This week, the Oxford Dictionaries chose “selfie” as the word of the year. It beat out a number of other relatively new Internet and social-media related terms, including “bitcoin.”
In an interesting coincidence, US law-enforcement and regulatory authorities appeared earlier this week at the first-ever congressional hearing on virtual currencies. The focus of the hearing was on “bitcoin,” the peer-to-peer digital currency introduced in 2008. Bitcoin is not backed by any central bank and can be traded on a number of exchanges, swapped in private transactions or used to buy a variety of consumer goods. There are approximately 12 million bitcoins in circulation today. Approximately US$8 billion in bitcoin transactions took place in the 12-month period ending in October 2013.
Following the positive remarks of some US officials in the wake of the hearing, the price of Bitcoin topped US$700 on the Tokyo-based virtual Mt. Gox exchange. Bitcoin traded at about US $13 in January.
A senior representative of the Department of Justice stated at the hearing that virtual currency systems “offer legitimate financial services and have the potential to promote more efficient global commerce.” Outgoing Federal Reserve Chairman Ben Bernanke, who did not attend the Senate hearing, stated in a letter to the hearing that virtual currencies “may hold long-term promise, particularly if the innovations promote a faster, more secure, and more efficient payment system.”
But what is bitcoin? Who can and should regulate virtual currencies? And how should they be regulated? There is no doubt that innovation always outpaces regulation. Therefore, US regulators need to scramble to understand the legitimate and potentially illicit uses of virtual currencies. For example, one of the appealing aspects of virtual currencies is that transaction costs are generally lower than those of credit or debit cards. However the anonymity of virtual currencies may appeal to criminals and poses a challenge for US law enforcement authorities.

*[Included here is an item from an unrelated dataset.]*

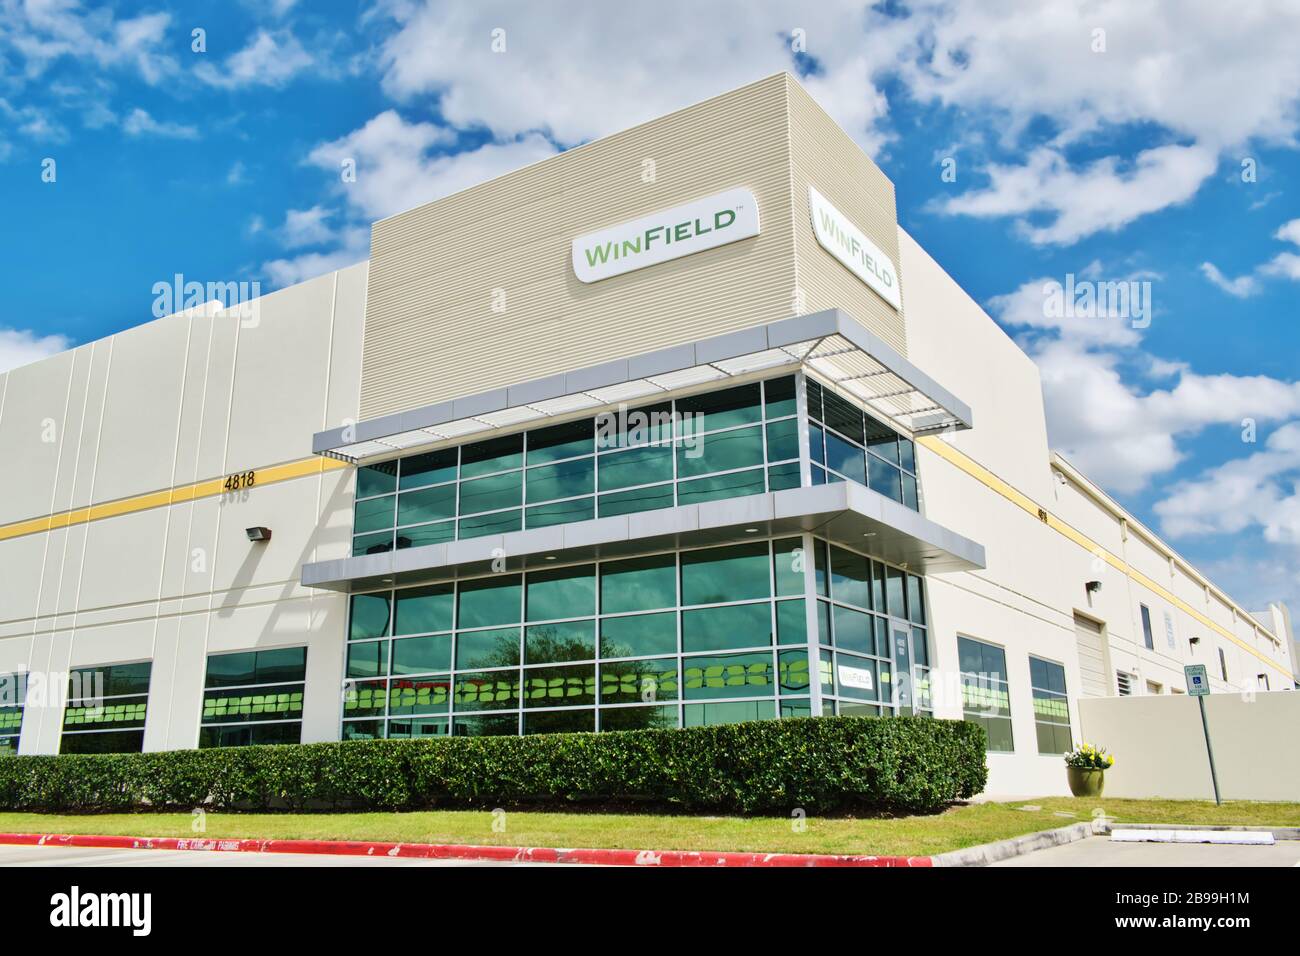 Extérieur de l'immeuble de bureaux d'entreprise Winfield sur Beltway 8 à Houston, Texas. Société de solutions agricoles qui a fusionné avec United Suppliers. Banque D'Images

In a letter to the Senate hearing, SEC Chairman Mary Jo White said that bitcoin likely would be a security and should be regulated as such. That may not be so clear, however. Traditional currencies are not regulated as securities. Moreover, virtual currencies don’t belong to any nation or central bank and few, if any, countries have attempted to develop or apply law or regulation to digital money. In a NYTimes.com article on Tuesday, reporter Quentin Hardy quotes an ex-pat American user of bitcoin: “It [Bitcoin] opened my eyes to the fact that the US isn’t as influential as I thought. Bitcoin is a currency, a commodity and an accountancy built by developers that is completely decentralized. It’s fundamentally better.”
Some commentators fear that if the US attempts to regulate virtual currencies, it will push businesses outside the country to jurisdictions with little to no regulation. A senior representative of FinCEN, however, apparently disagreed. She said that as virtual currency evolves, regulation in the US and abroad will catch up because it will have to. The goal will be to mitigate anti-money laundering risks and risks of illicit activity while minimizing burdens, she added.
It is no wonder that “selfie” is the “word of the year” for 2013. Everybody knows what a selfie is. But just wait ’til next year. “Bitcoin” may just be the word of the year for 2014.